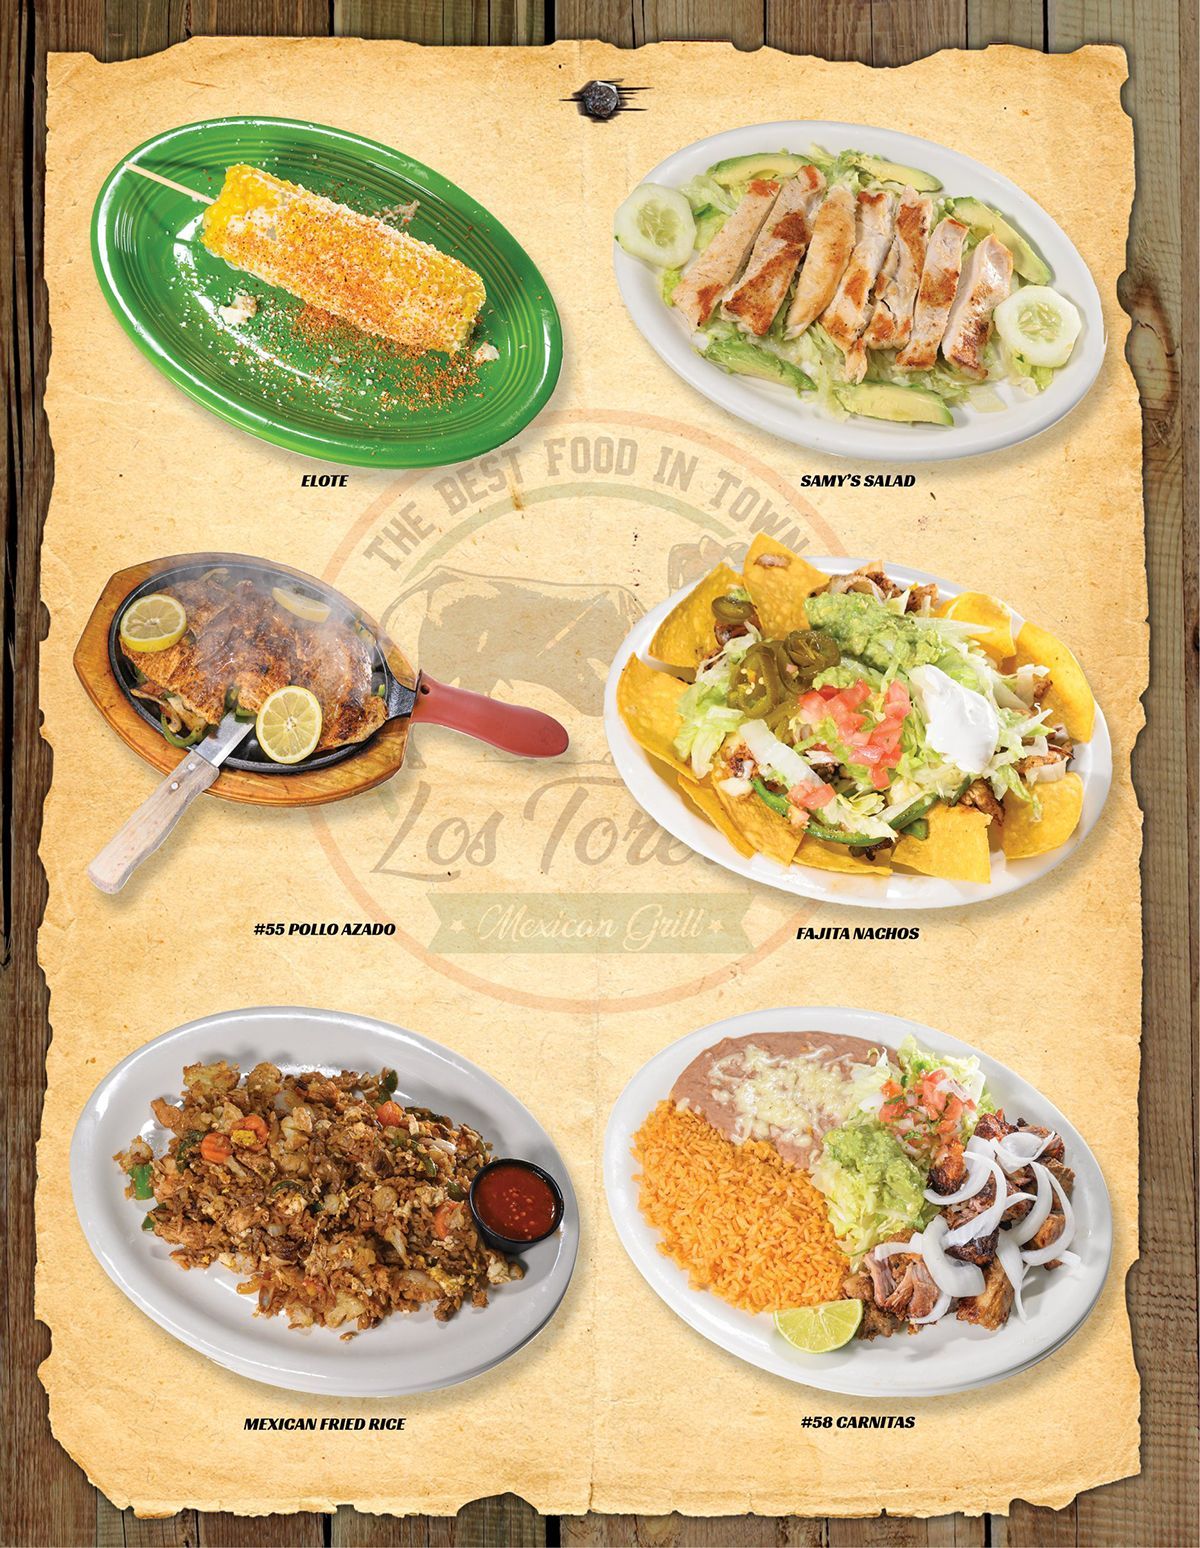 Los Toreros Mexican Grill Prattville, AL - Menu - Page 3
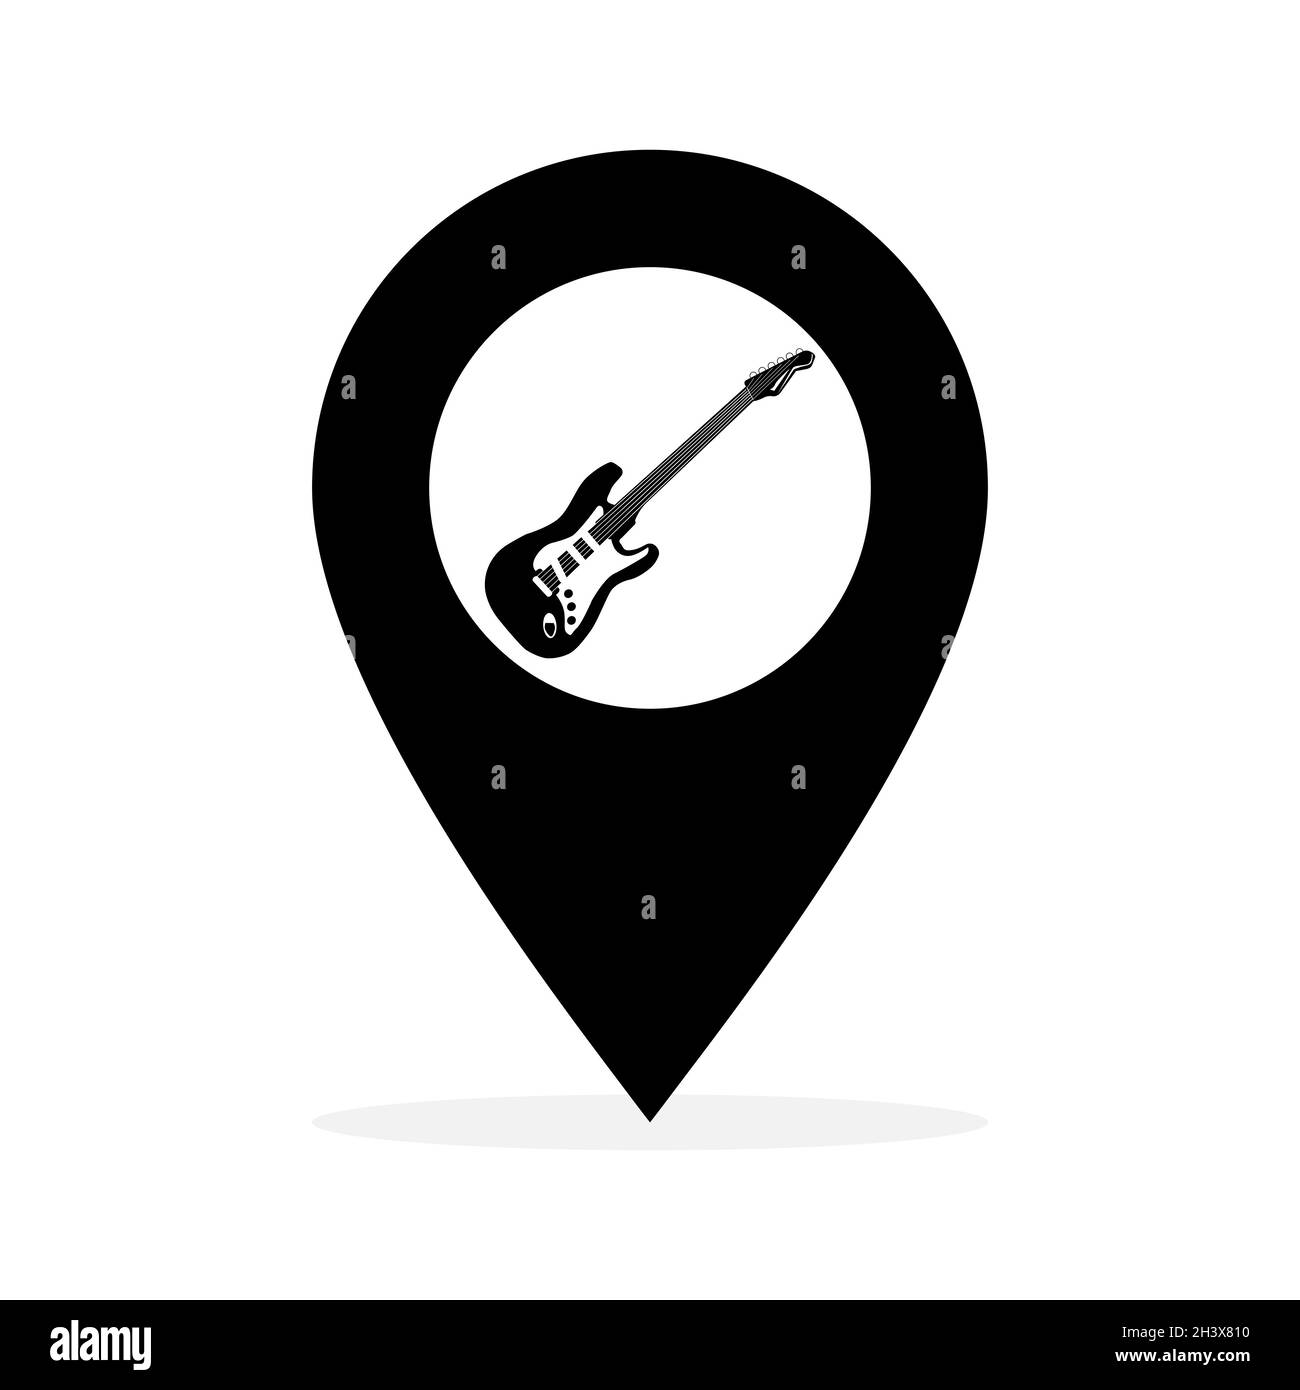 Icône d'instrument de musique de guitare électrique sur la carte repère d'emplacement. Symbole de broche d'emplacement. Illustration vectorielle isolée sur fond blanc. Illustration de Vecteur
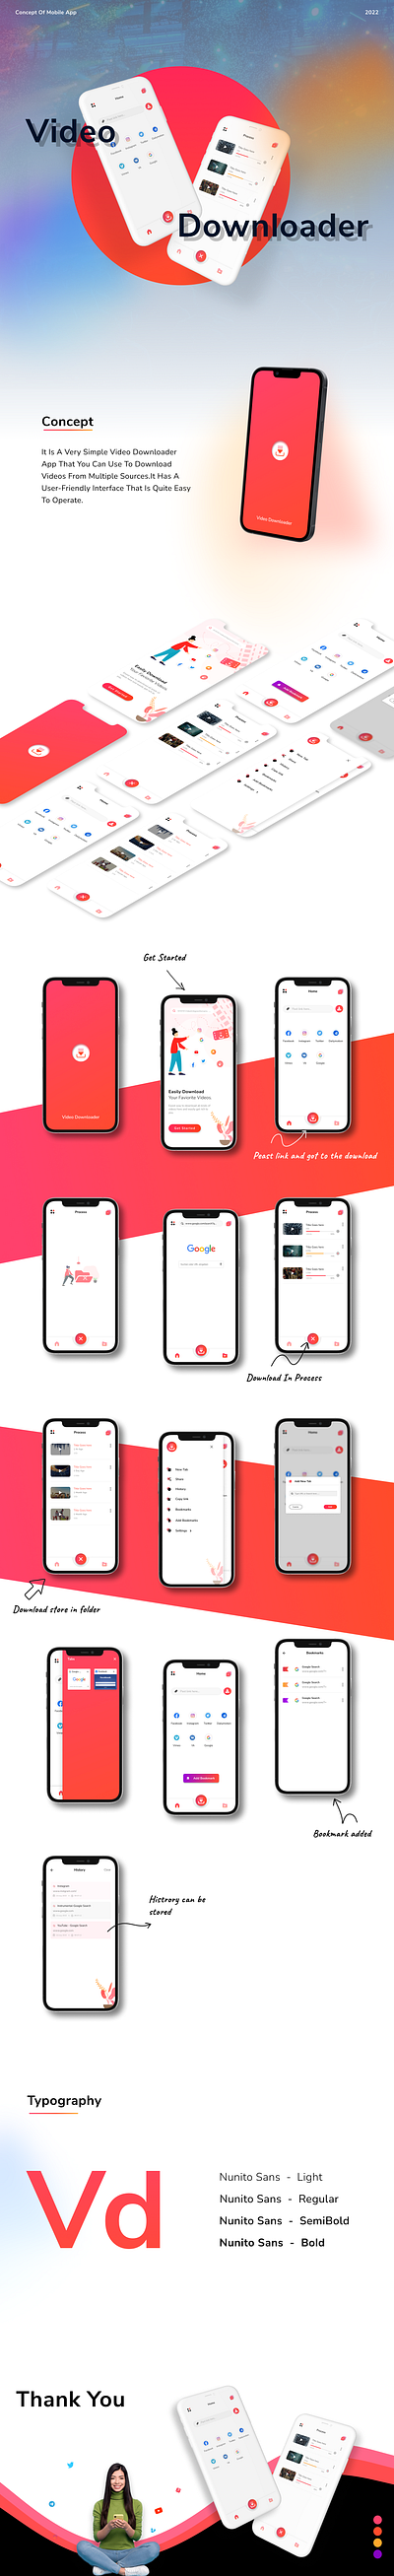 Download App - UI/UX Concept 3d animation app branding design downloader app logo mobile app mobile app design mockup motion graphics ui ux video downloader
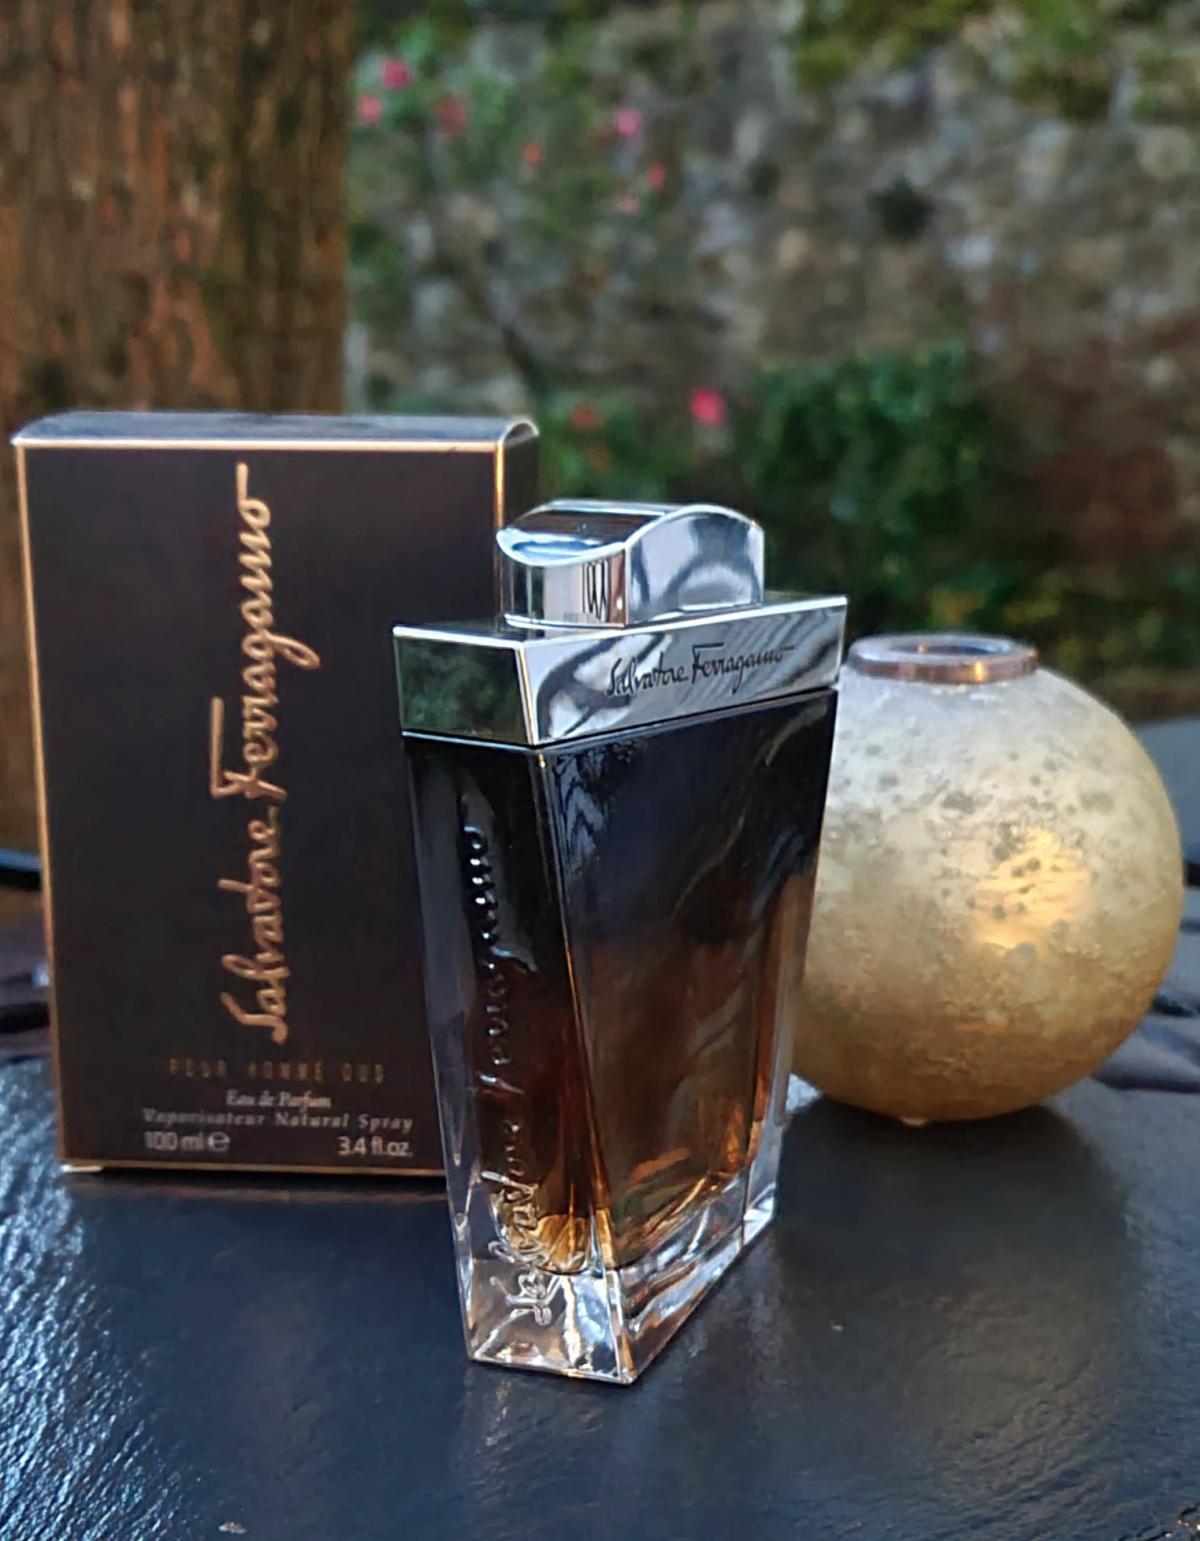 Ferragamo Oud Salvatore Ferragamo zapach - to perfumy dla mężczyzn
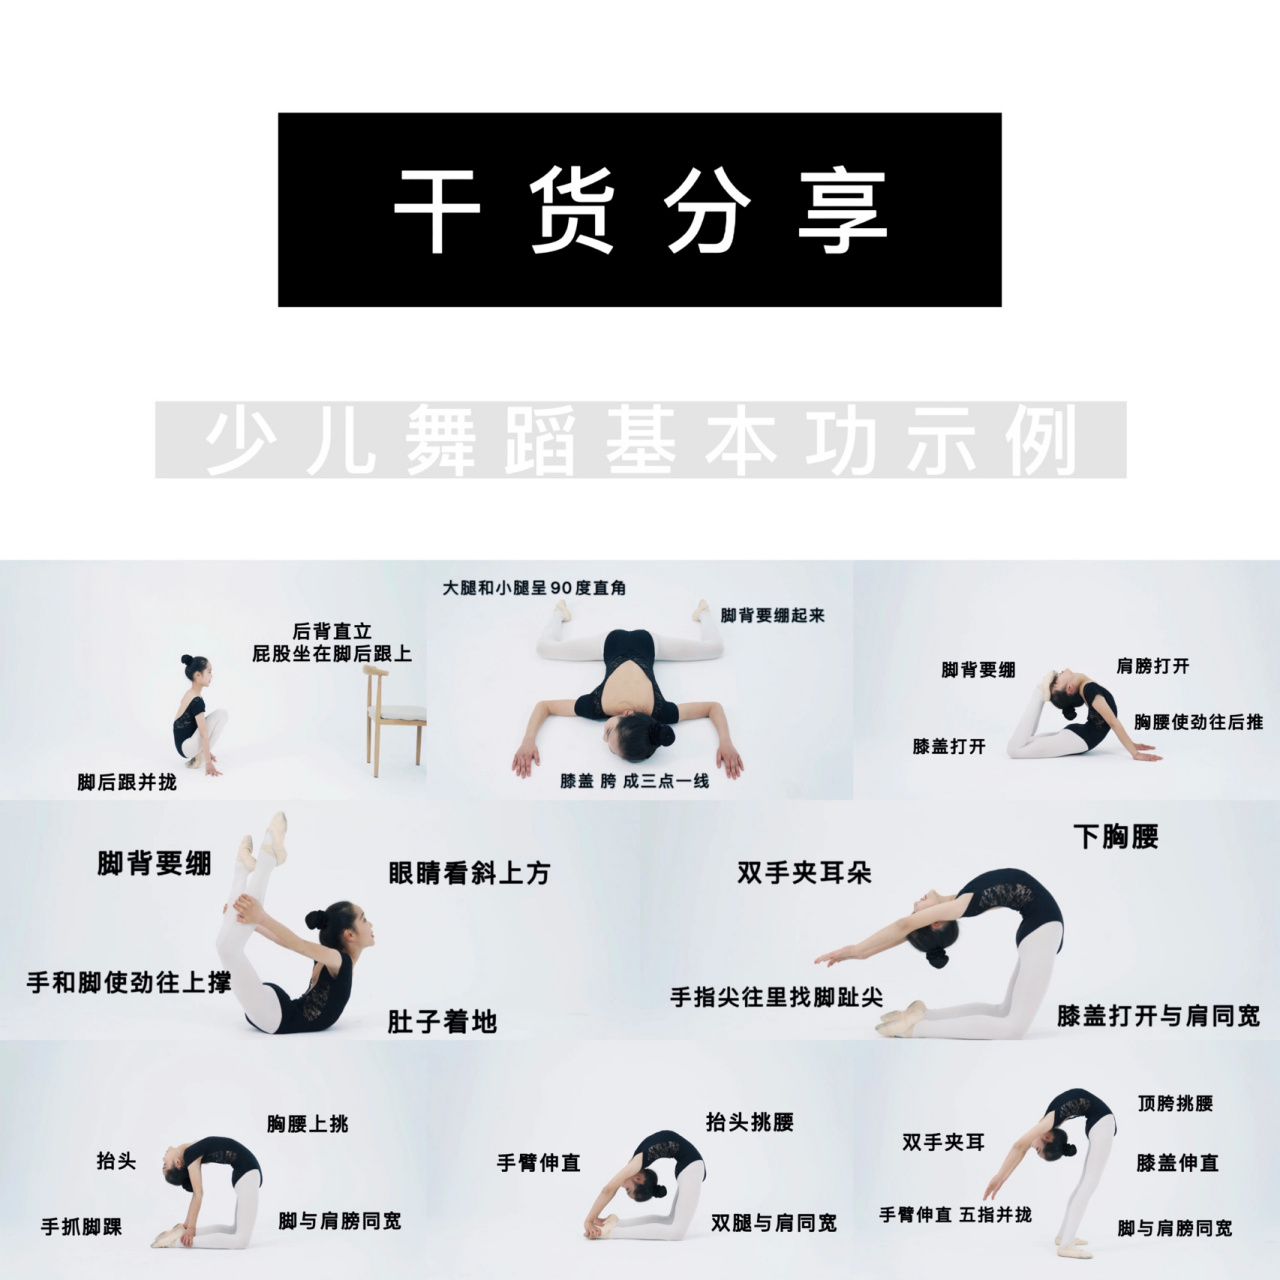 中国舞基本功训练图解图片
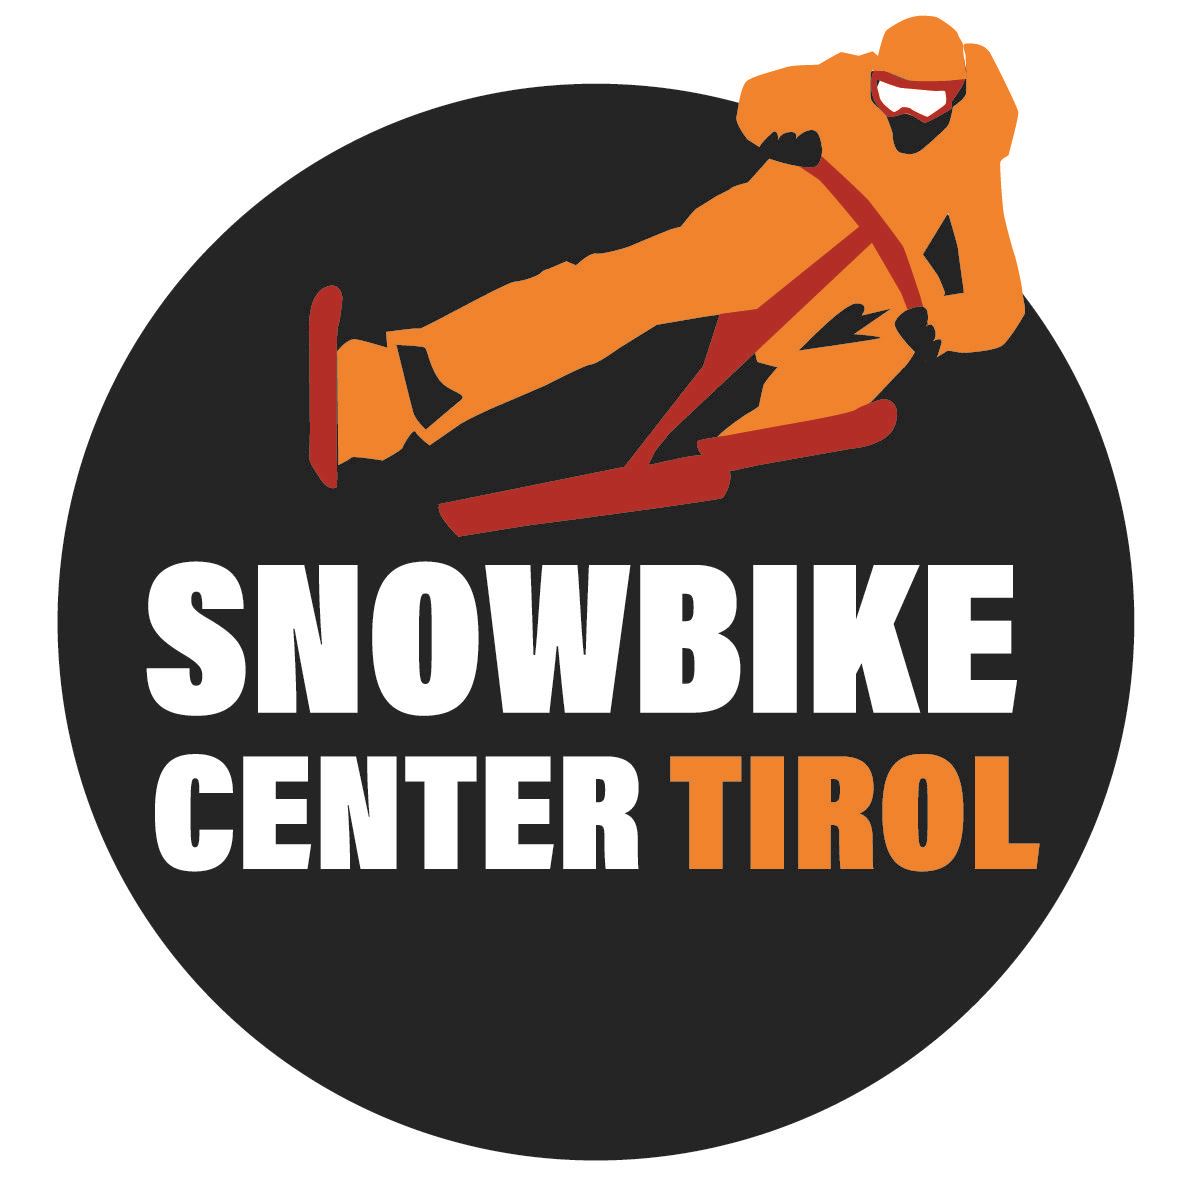 Snowbike Center Tirol
-=-=-=-=-
What you have to do:
Repeat the entries exactly and keep the pictures out of the copy.

Task solution:
 Los Toreros Mexican Grill Prattville, AL - Menu - Page 3
 Icône d'instrument de musique de guitare électrique sur la carte repère d'emplacement. Symbole de broche d'emplacement. Illustration vectorielle isolée sur fond blanc. Illustration de Vecteur
 Download App - UI/UX Concept 3d animation app branding design downloader app logo mobile app mobile app design mockup motion graphics ui ux video downloader
 Ferragamo Oud Salvatore Ferragamo zapach - to perfumy dla mężczyzn
 中国舞基本功训练图解图片
 Snowbike Center Tirol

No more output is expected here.